• _THE PROBLEM_
Please give the whole listing again word for word, and drop any pictures it holds.

• _AVAILABLE DATA_
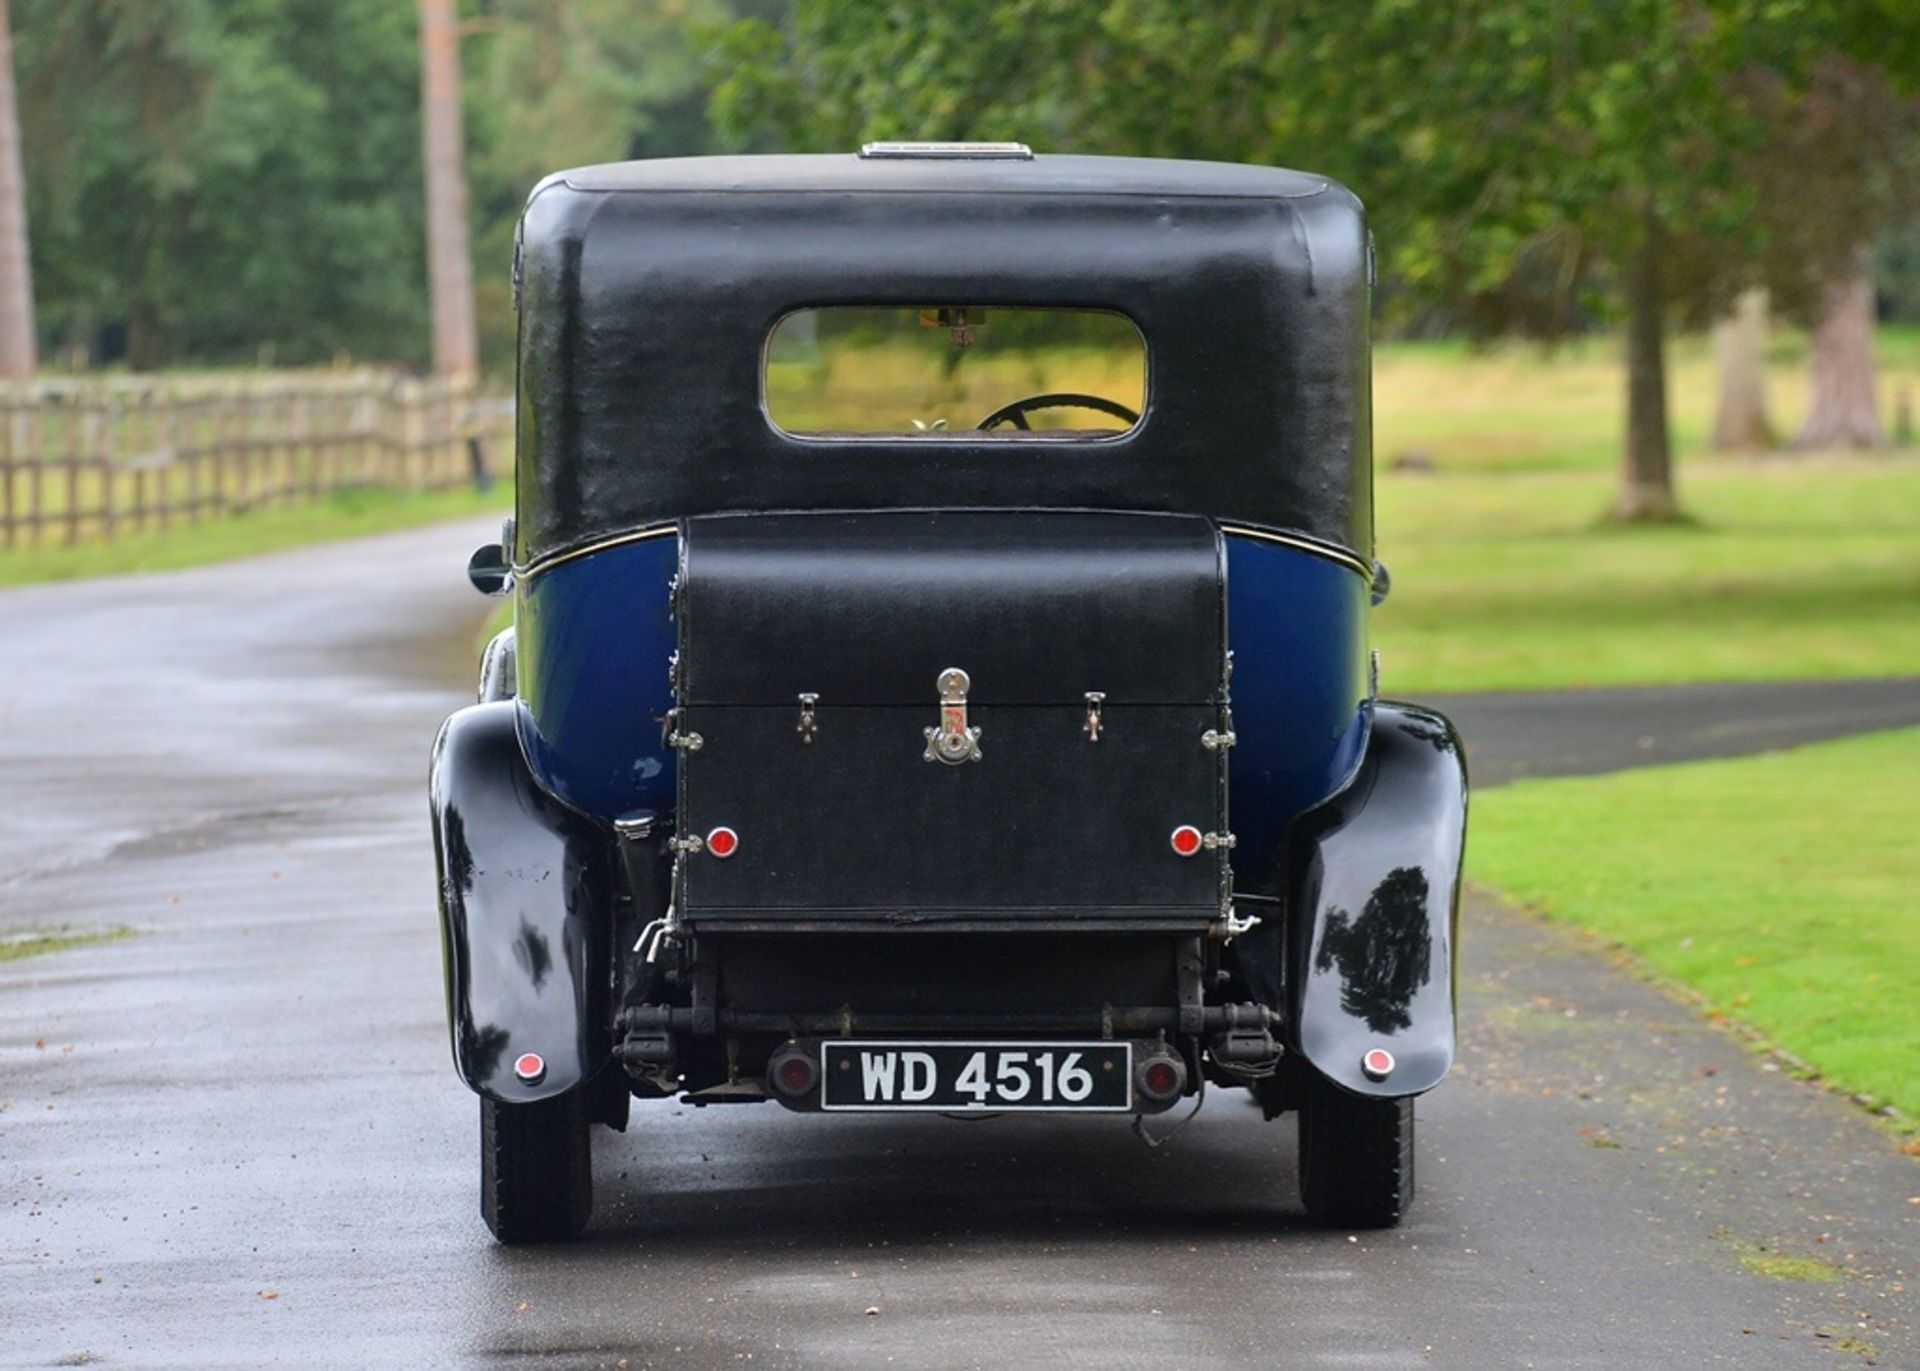 1932 Rolls-Royce 20/25 Limousine by Crosbie & Dunn - Image 15 of 16
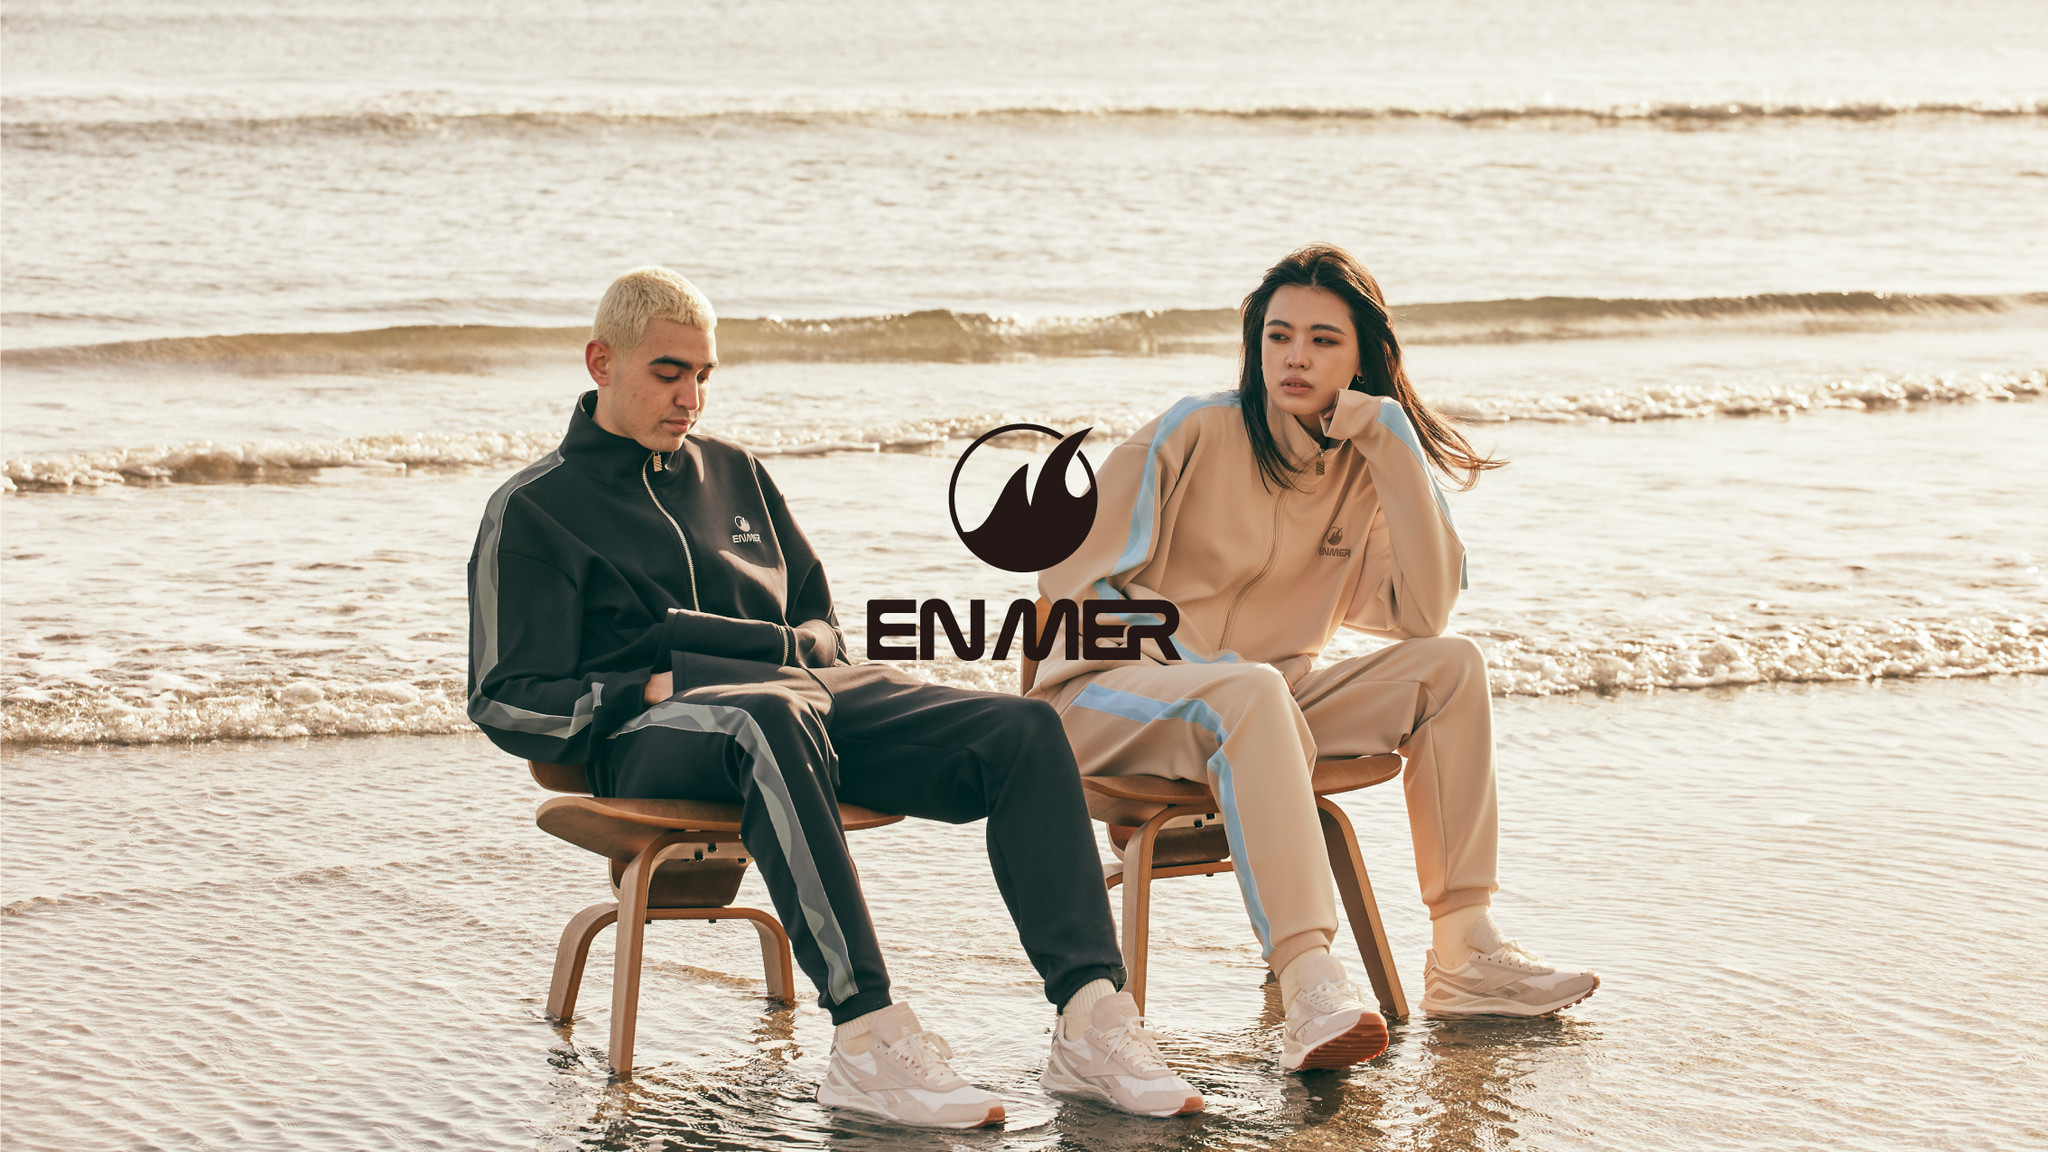 MFC STORE x ENMER エンメール 朝倉海
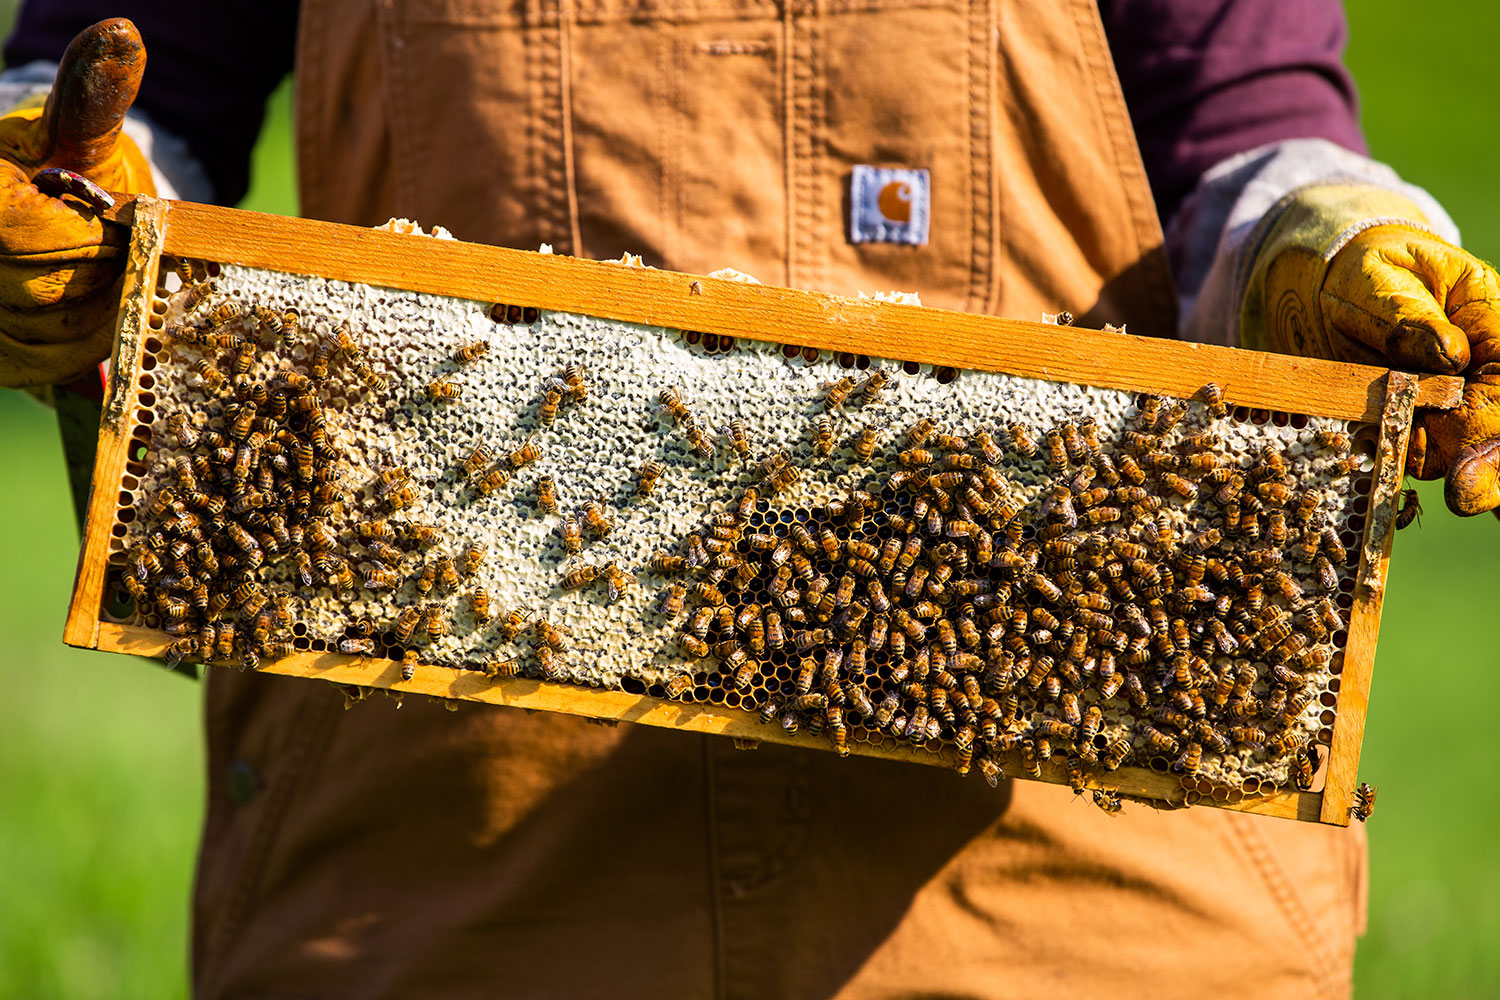 Messner Bee Farm in Kansas City / Crafted in Carhartt

• _YOUR SOLUTION_
 1932 Rolls-Royce 20/25 Limousine by Crosbie & Dunn - Image 15 of 16
 MFC STORE x ENMER エンメール 朝倉海
 Messner Bee Farm in Kansas City / Crafted in Carhartt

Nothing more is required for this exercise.